Common Overdispersion Causes

Understanding why a player is overdispersed helps you project whether it will continue:

Game Script Variance

  • Blowouts create feast-or-famine TD opportunities
  • Backup RBs only get meaningful touches in garbage time

Opportunity Clustering

  • Some games: 8 targets; other games: 3 targets
  • Power play time varies dramatically

Role Volatility

  • Players who shuttle between starter and bench
  • Matchup-specific usage patterns

Hot Hand Effects

  • Shooters who get hot and keep firing
  • Creates clustering of makes/misses

Tip

If you can identify why a player is boom-or-bust, you can better assess whether it's likely to continue. A backup RB whose opportunity depends on game script will remain volatile. A shooter recovering from injury might stabilize as he finds his rhythm.

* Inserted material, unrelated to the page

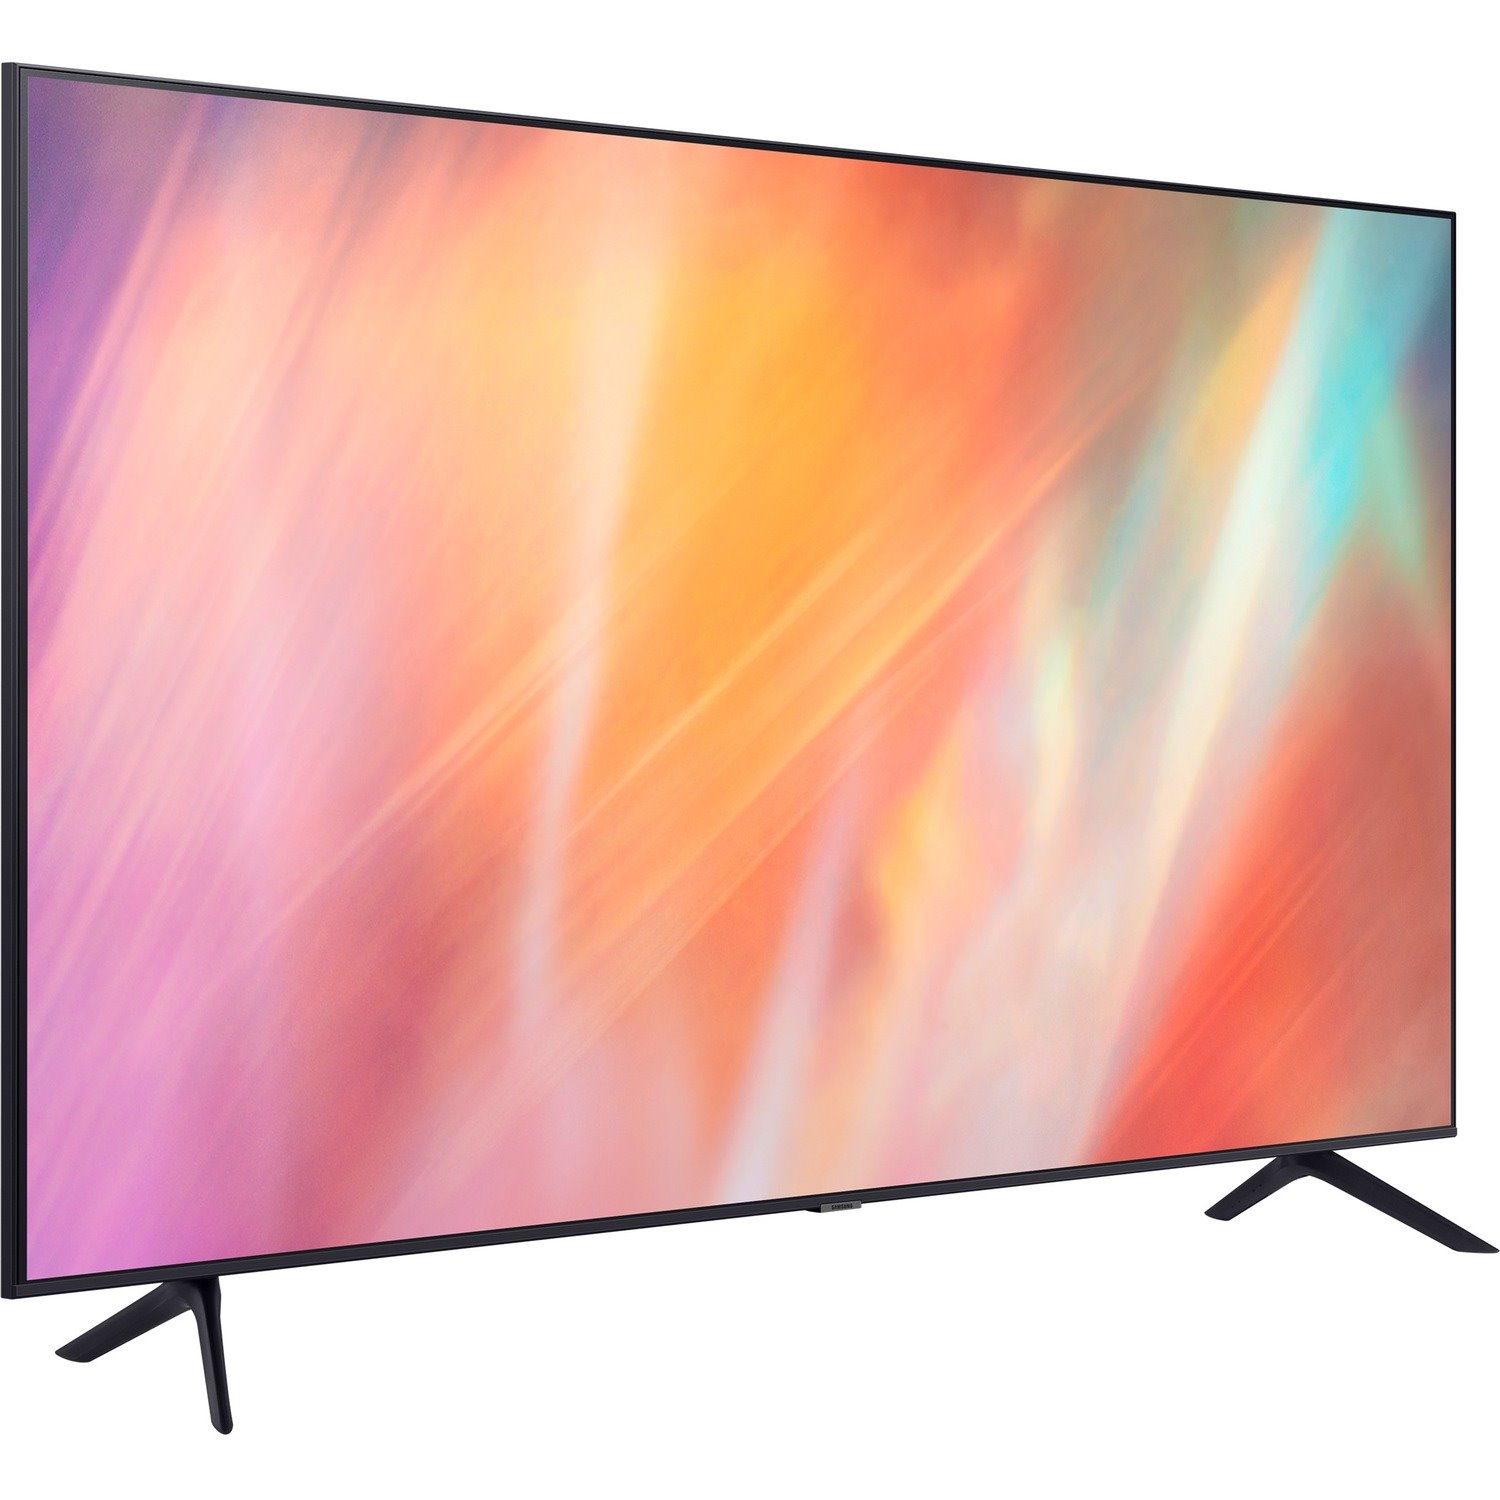 Samsung LH43BEAHLGW 109.2 cm Smart LED-LCD TV - 4K UHDTV - Titan Gray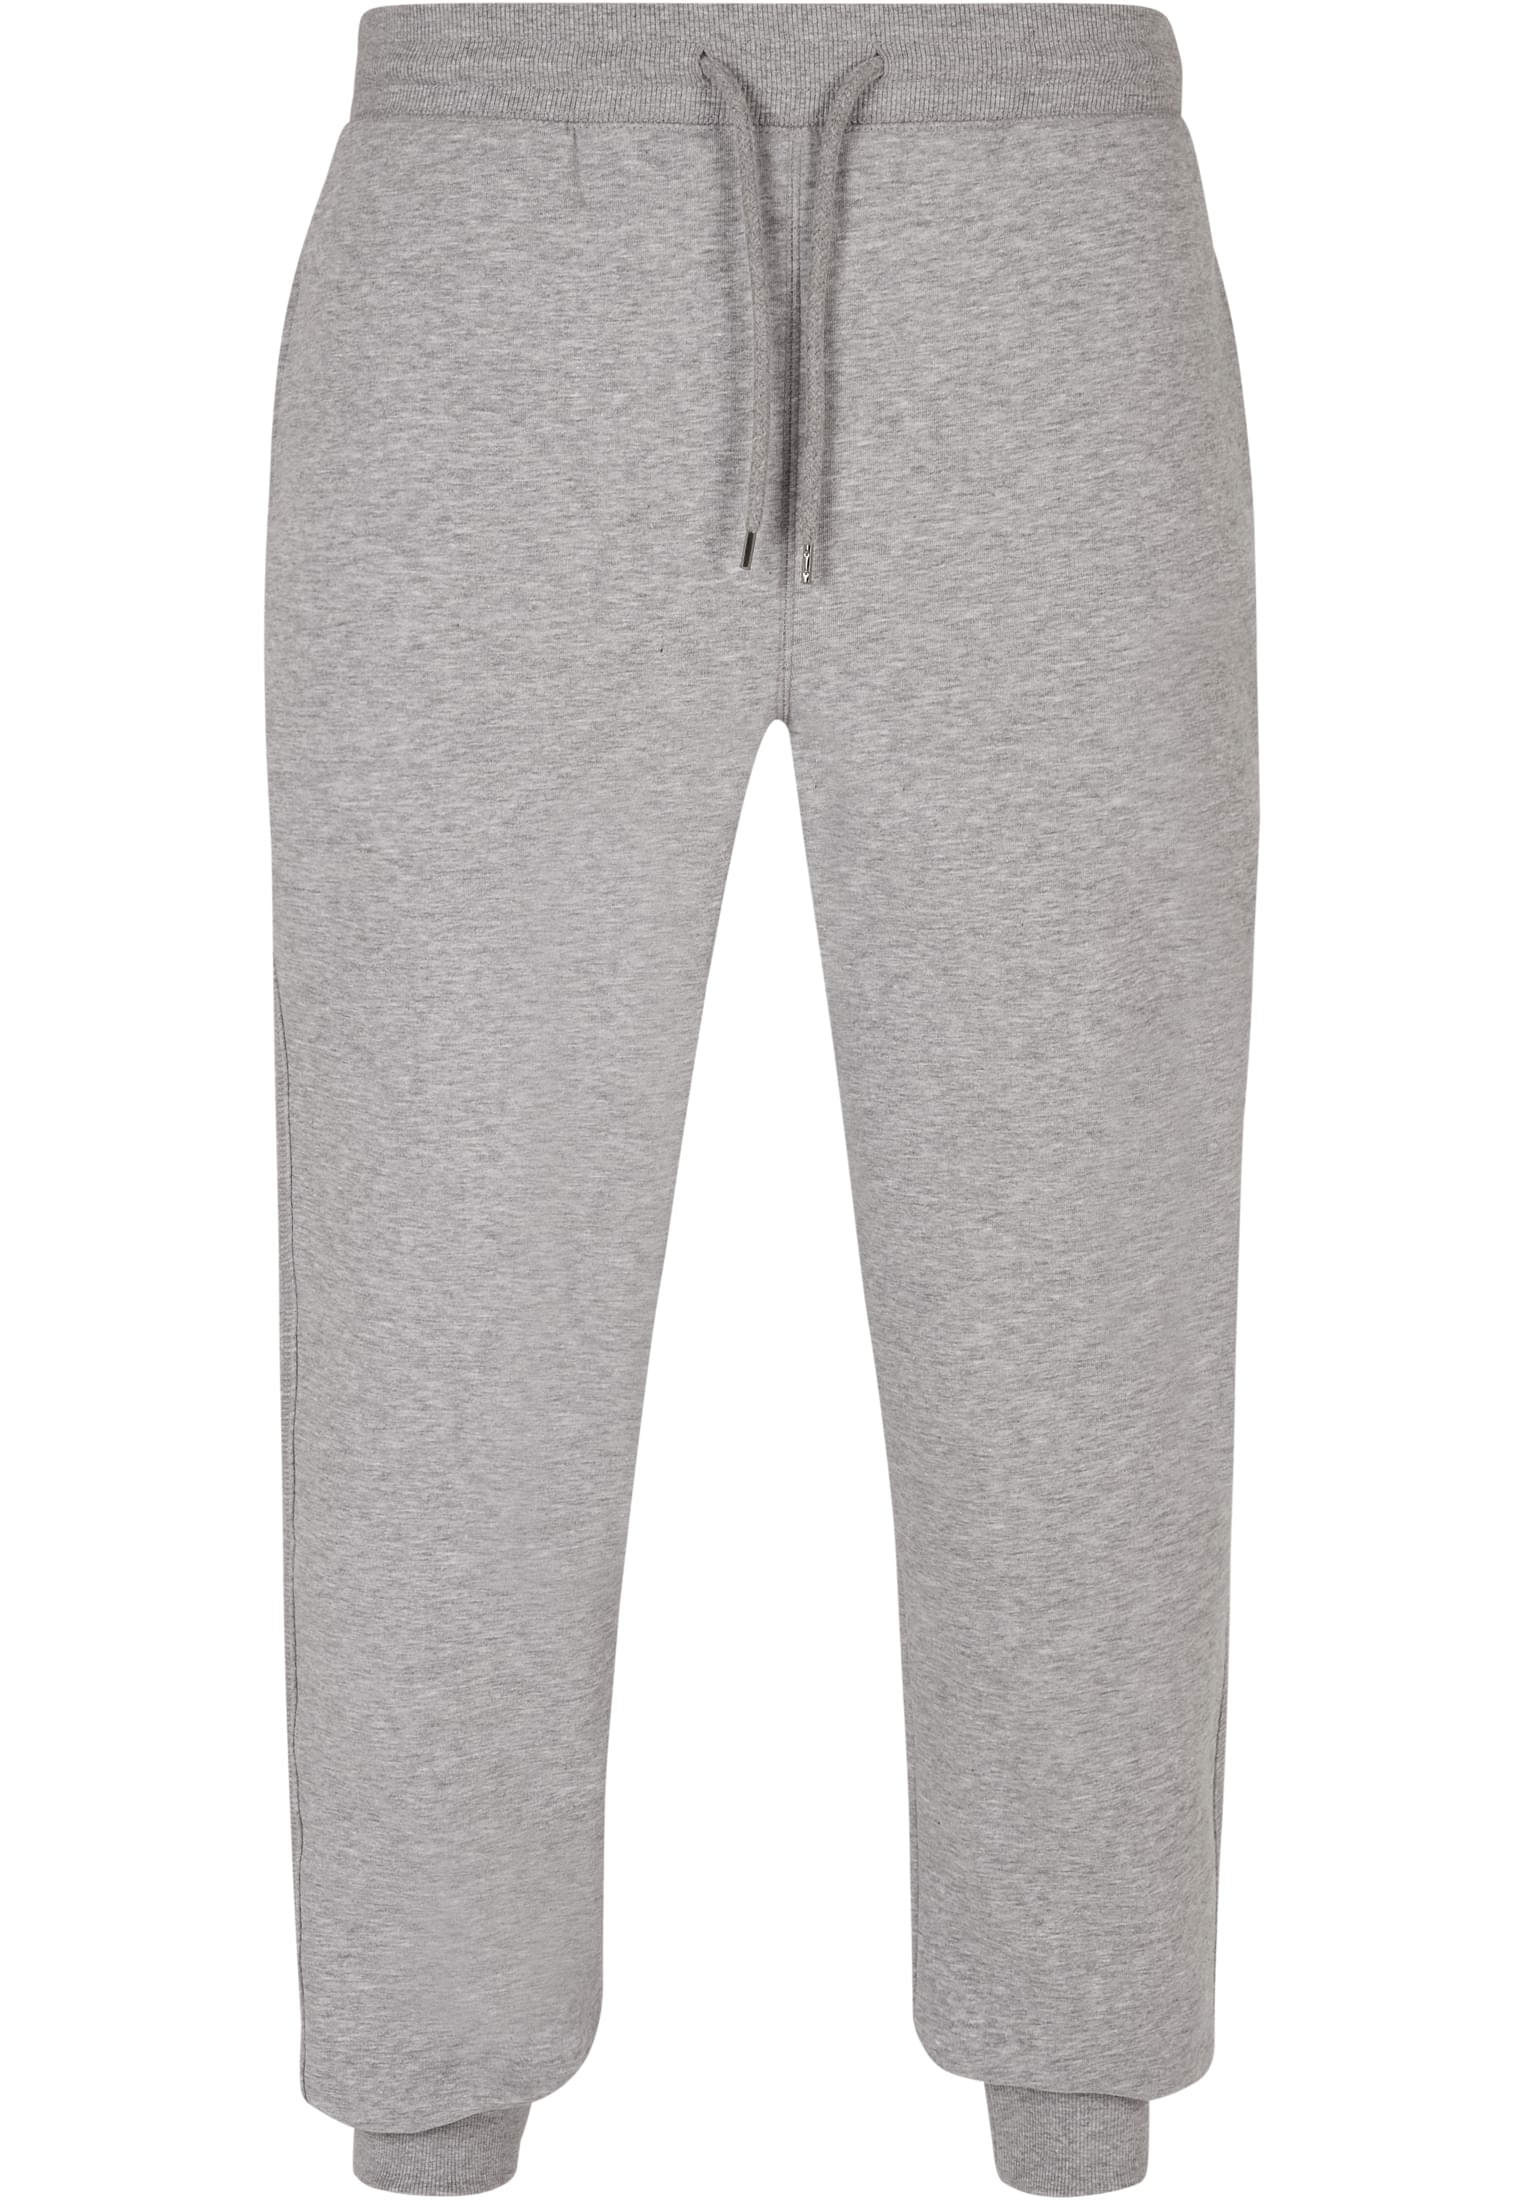 Herren Basic Sweatpants in Farbe grey

Quick VMR Calculation Template

Here's a ready-to-use Excel template structure:

ColumnContentFormula
AGame dates(manual entry)
BTD counts (0, 1, 2, etc.)(manual entry)
C1"Mean" label
D1Mean value=AVERAGE(B:B)
C2"Variance" label
D2Variance value=VAR.S(B:B)
C3"VMR" label
D3VMR value=D2/D1
C4"Model" label
D4Recommendation=IF(D3>1.3,"Neg Binomial","Poisson")

📝 Exercise

Instructions

Calculate VMR for the following player and determine which distribution to use.

Player Data (15 games): 0, 0, 3, 0, 2, 0, 0, 0, 3, 1, 0, 2, 0, 0, 3

Calculate the mean, variance, and VMR.